I have started developing some SOAP based services and I cannot understand the role of stubs. To quote Wiki :
The client and server use different address spaces, so conversion of parameters used in a function call have to be performed, otherwise the values of those parameters could not be used, because of pointers to the computer's memory pointing to different data on each machine. The client and server may also use different data representations even for simple parameters (e.g., big-endian versus little-endian for integers.) Stubs are used to perform the conversion of the parameters, so a Remote Function Call looks like a local function call for the remote computer.
This is dumb, but I don't understand this "practically". I have done some socket programming in Java, but I don't remember any step for "conversion of parameters" when my TCP/UDP clients interacted with my server. (I assume raw server-client communication using TCP/UDP sockets does come under RPC)
I have had some experience with RESTful service development, but I can't recognize the Stub analogue with REST either. Can someone please help me ?
Stubs for calls over the network (be they SOAP, REST, CORBA, DCOM, JSON-RPC, or whatever) are just helper classes that give you a wrapper function that takes care of all the underlying details, such as:
Initializing your TCP/UDP/whatever transport layer
Finding the right address to call and doing DNS lookups if needed
Connecting to the network endpoint where the server should be
Handling errors if the server isn't listening
Checking that the server is what we're expecting it to be (security checks, versioning, etc)
Negotiating the encoding format
Encoding (or "marshalling") your request parameters in a format suitable for transmission on the network (CDR, NDR, JSON, XML, etc.)
Transmitting your encoded request parameters over the network, taking care of chunking or flow control as necessary
Receiving the response(s) from the server
Decoding (or "unmarshalling") the response details
Returning the responses to your original calling code (or throwing an error if something went wrong)
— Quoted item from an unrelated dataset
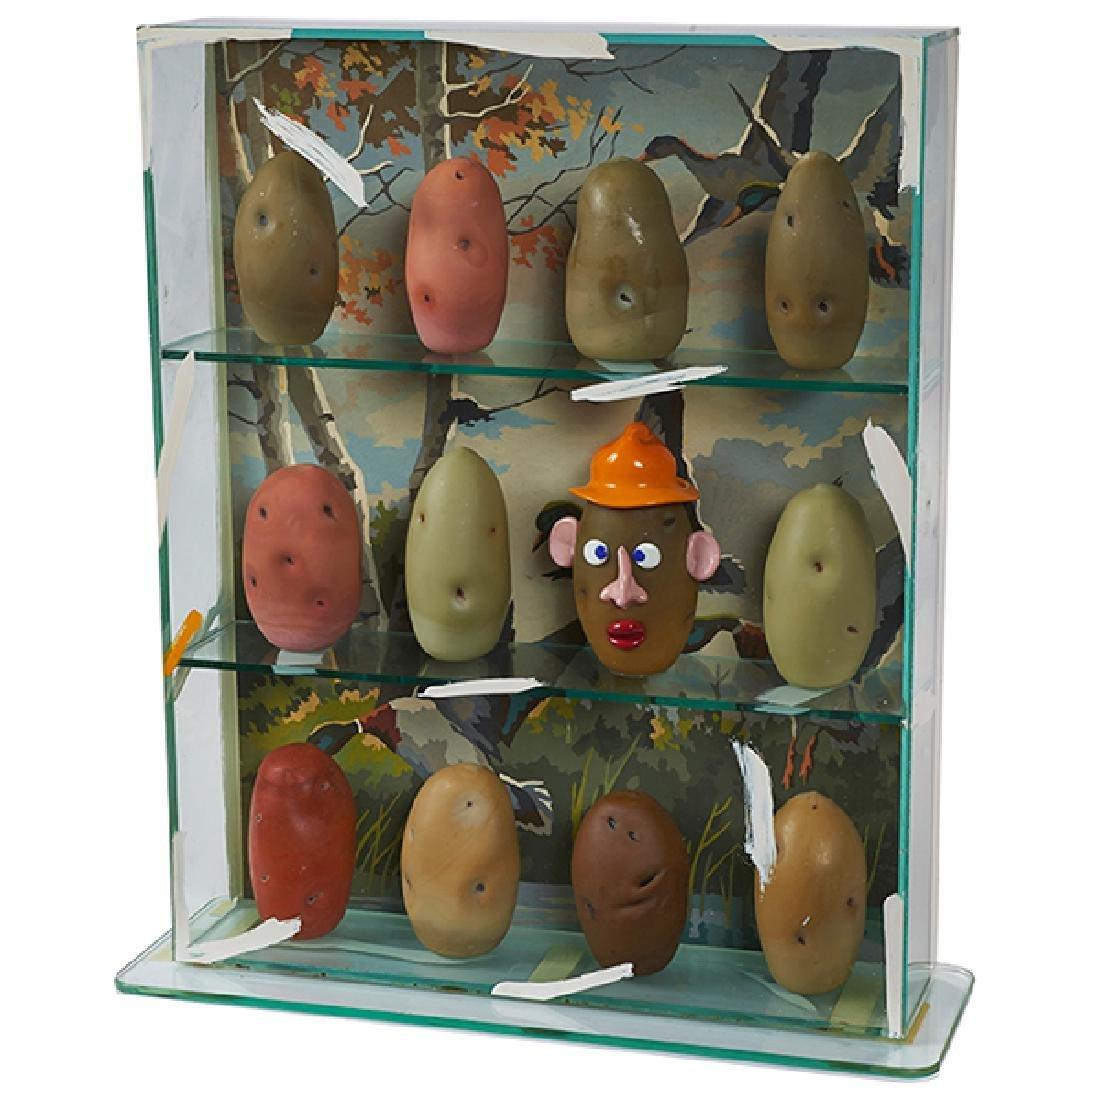 Richard Marquis, (American, b. 1945), Potato Head Box

There's no such thing as "raw" TCP communication. If you are using it in a request/response model and infer any kind of meaning from the data sent across the TCP connection then you've encoded some form of "parameters" in there. You just happened to build yourself what stubs would normally have provided.
Stubs try to make your remote calls look just like local in-process calls, but honestly that's a really bad thing to do. They're not the same at all, and they should be considered differently by your application.
I´ve read that it´s possible to share sockets between processes. Is this also possible in Node.js?
I saw the cluster api in node.js, but that´s not what I´m looking for. I want to be able to accept a connection in one process, maybe send & read a bit, and after a while pass this socket to another fully independent node.js process.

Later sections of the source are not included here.